• WHAT YOU WILL DO
Quote the data below in full, minus the images.

• DATA SEGMENT
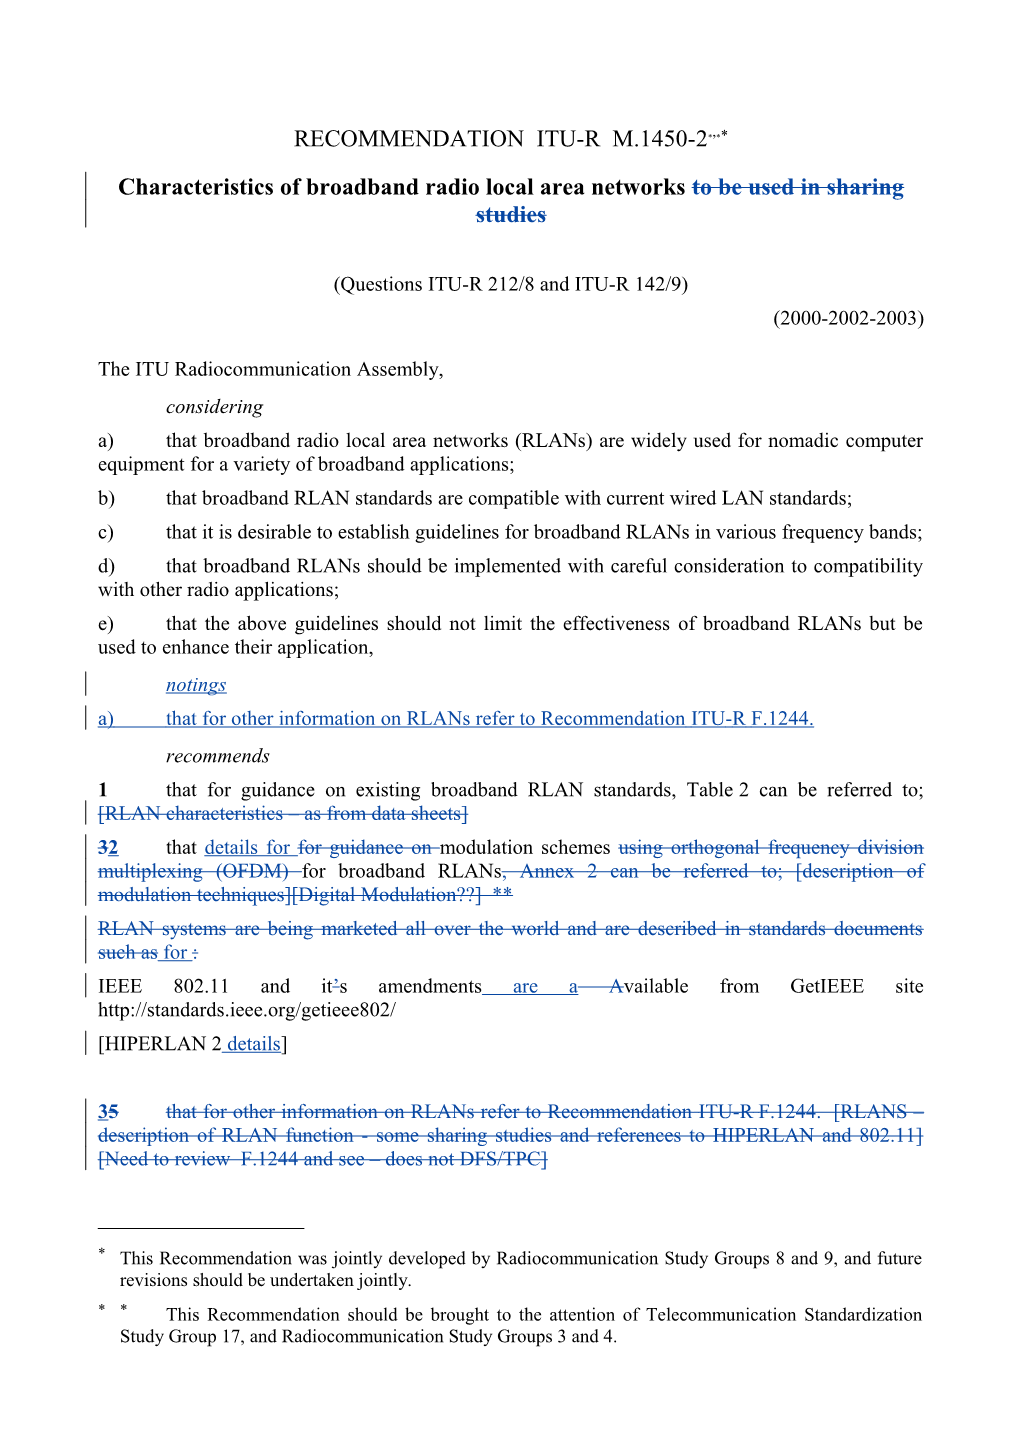 RECOMMENDATION ITU-R M.1450-2 - Characteristics of Broadband Radio Local Area Networks
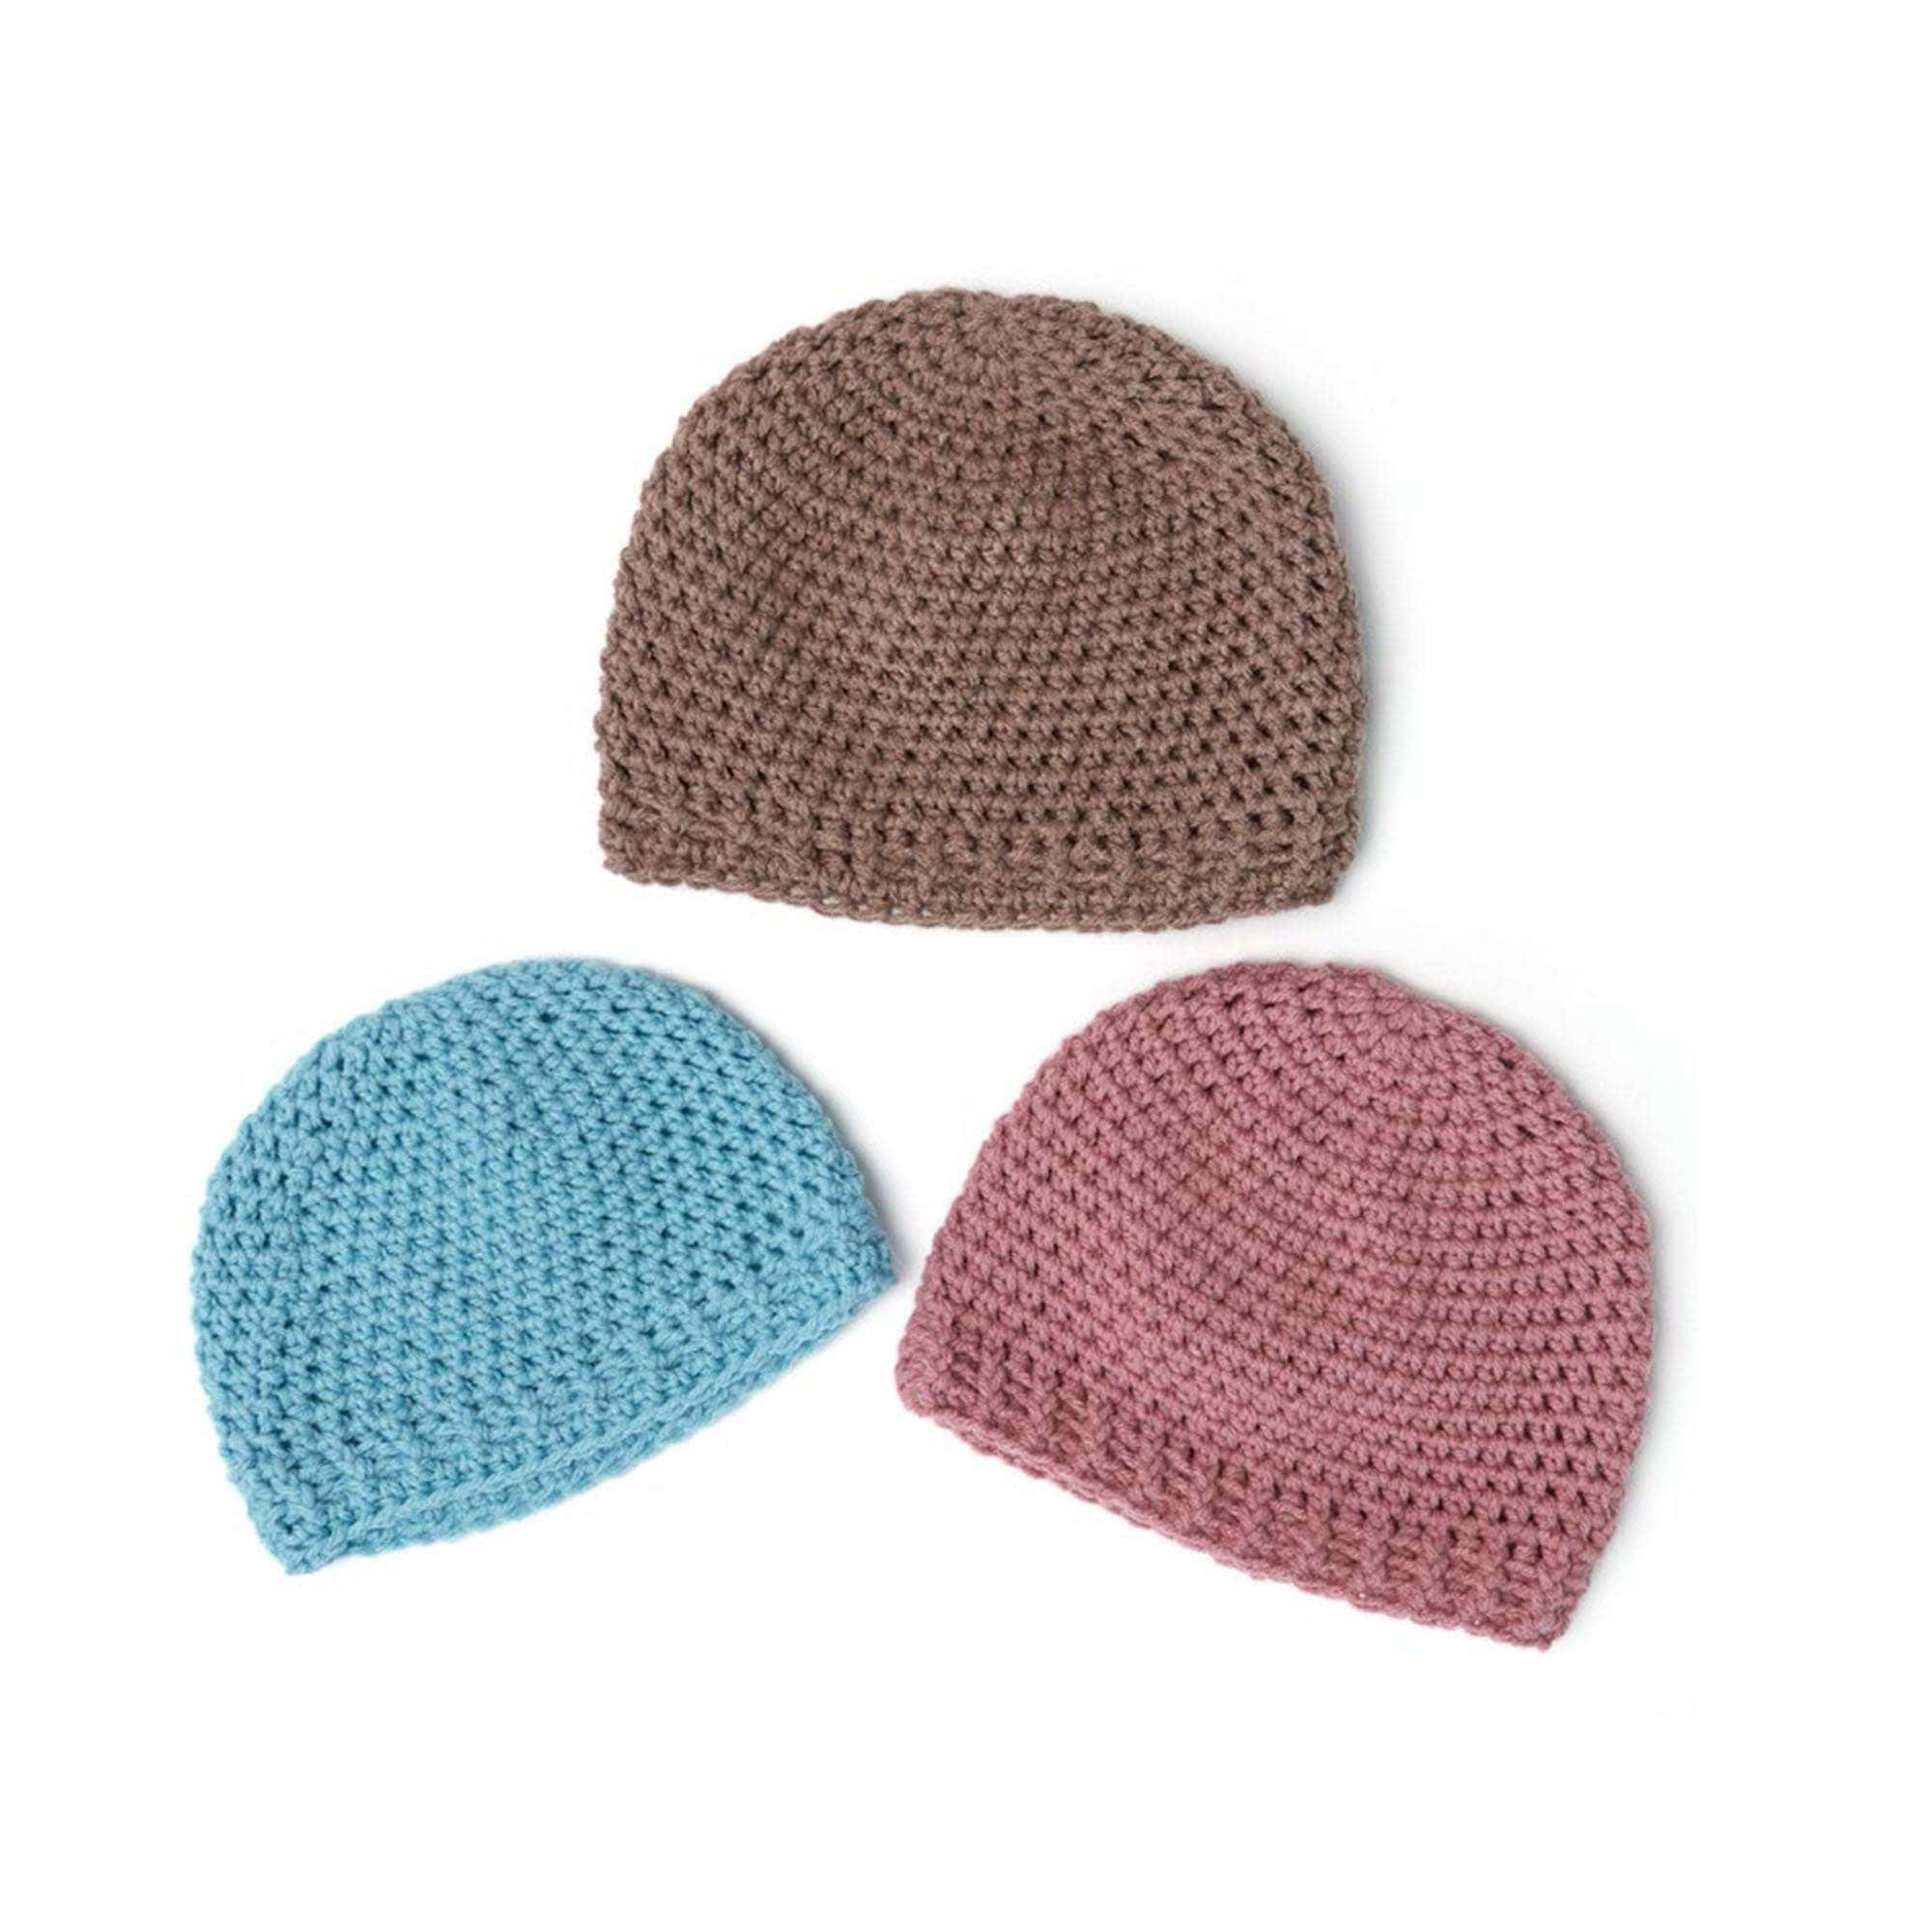 50 Free Crochet Hat Patterns - Daisy Farm Crafts
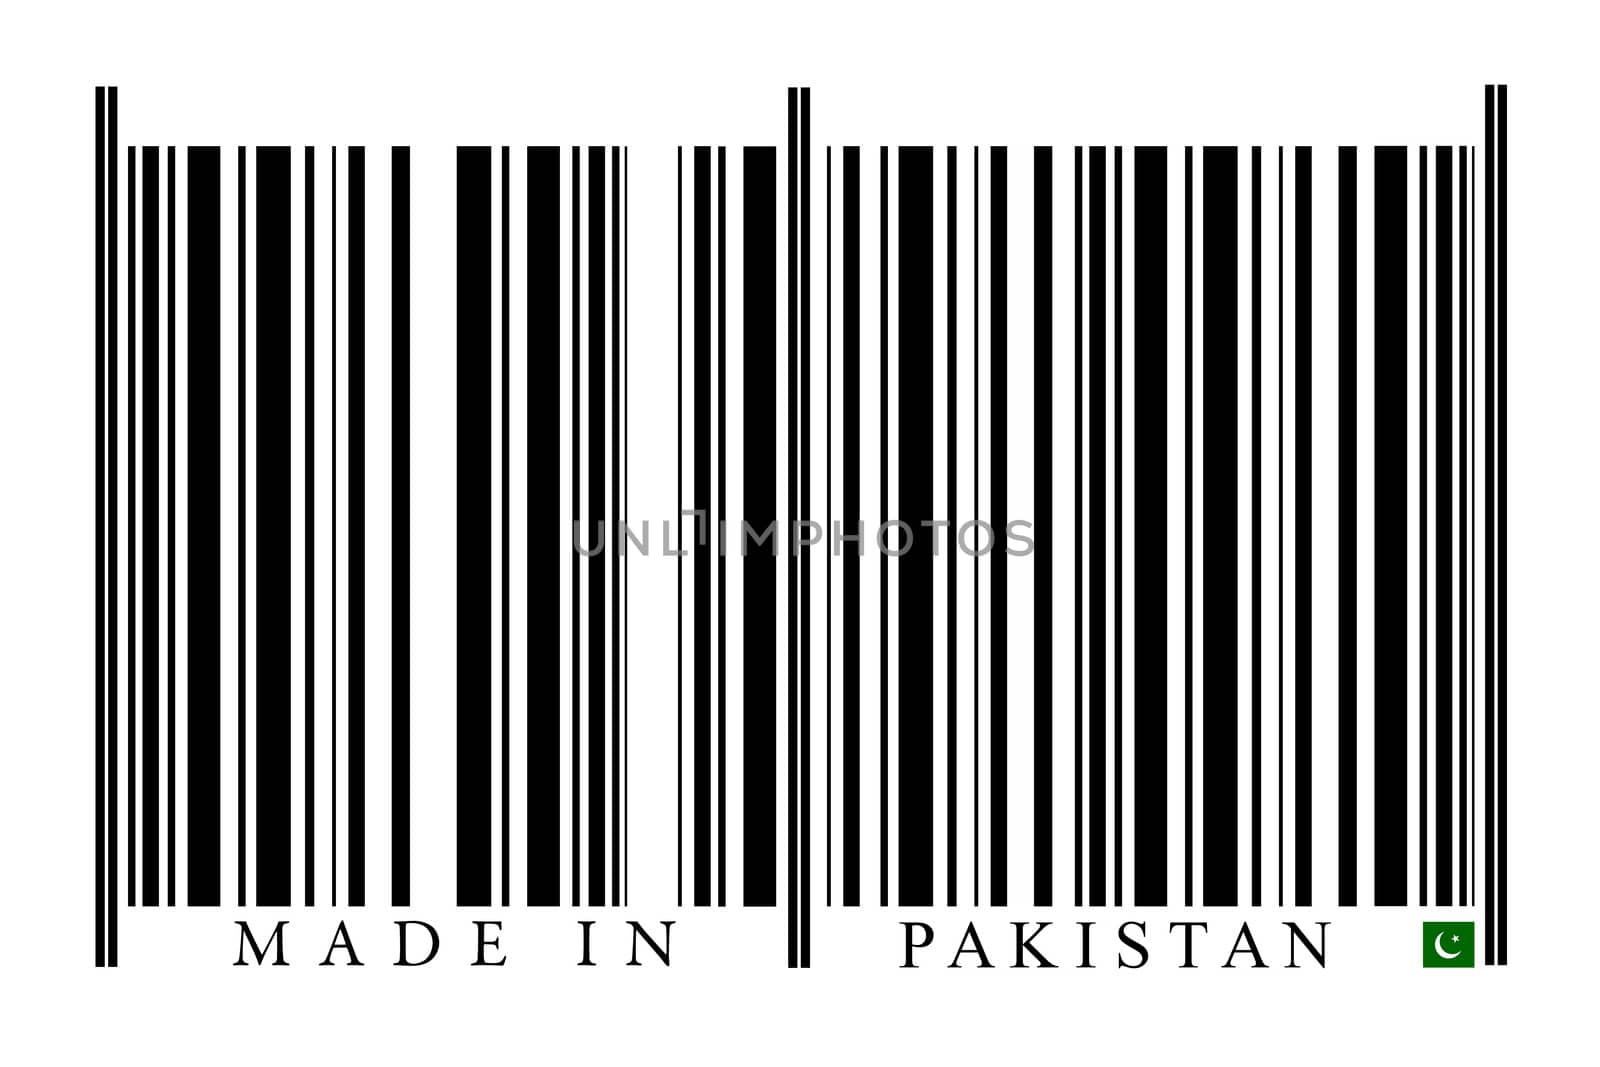 Pakistan Barcode by gemenacom
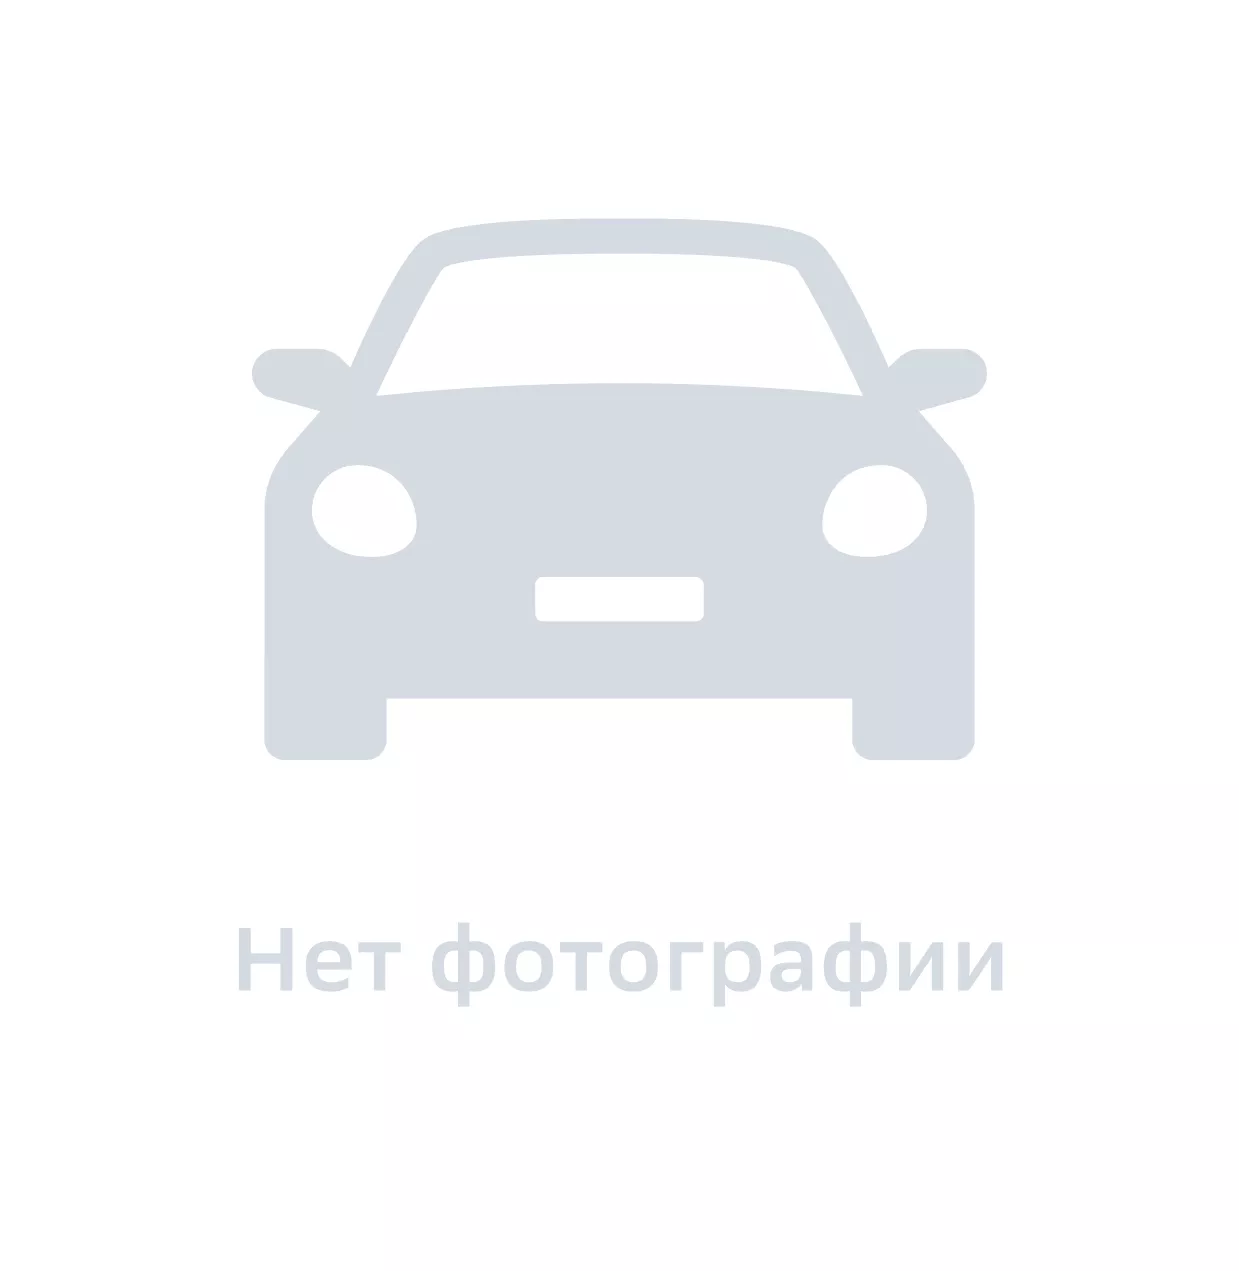 Хомут автомобильный, Hyundai-KIA, арт. 1472013806B, цена за 1 шт.

• RESPONSE TO THE TASK
 RECOMMENDATION ITU-R M.1450-2 - Characteristics of Broadband Radio Local Area Networks
 50 Free Crochet Hat Patterns - Daisy Farm Crafts
 Pakistan Barcode by gemenacom
 Хомут автомобильный, Hyundai-KIA, арт. 1472013806B, цена за 1 шт.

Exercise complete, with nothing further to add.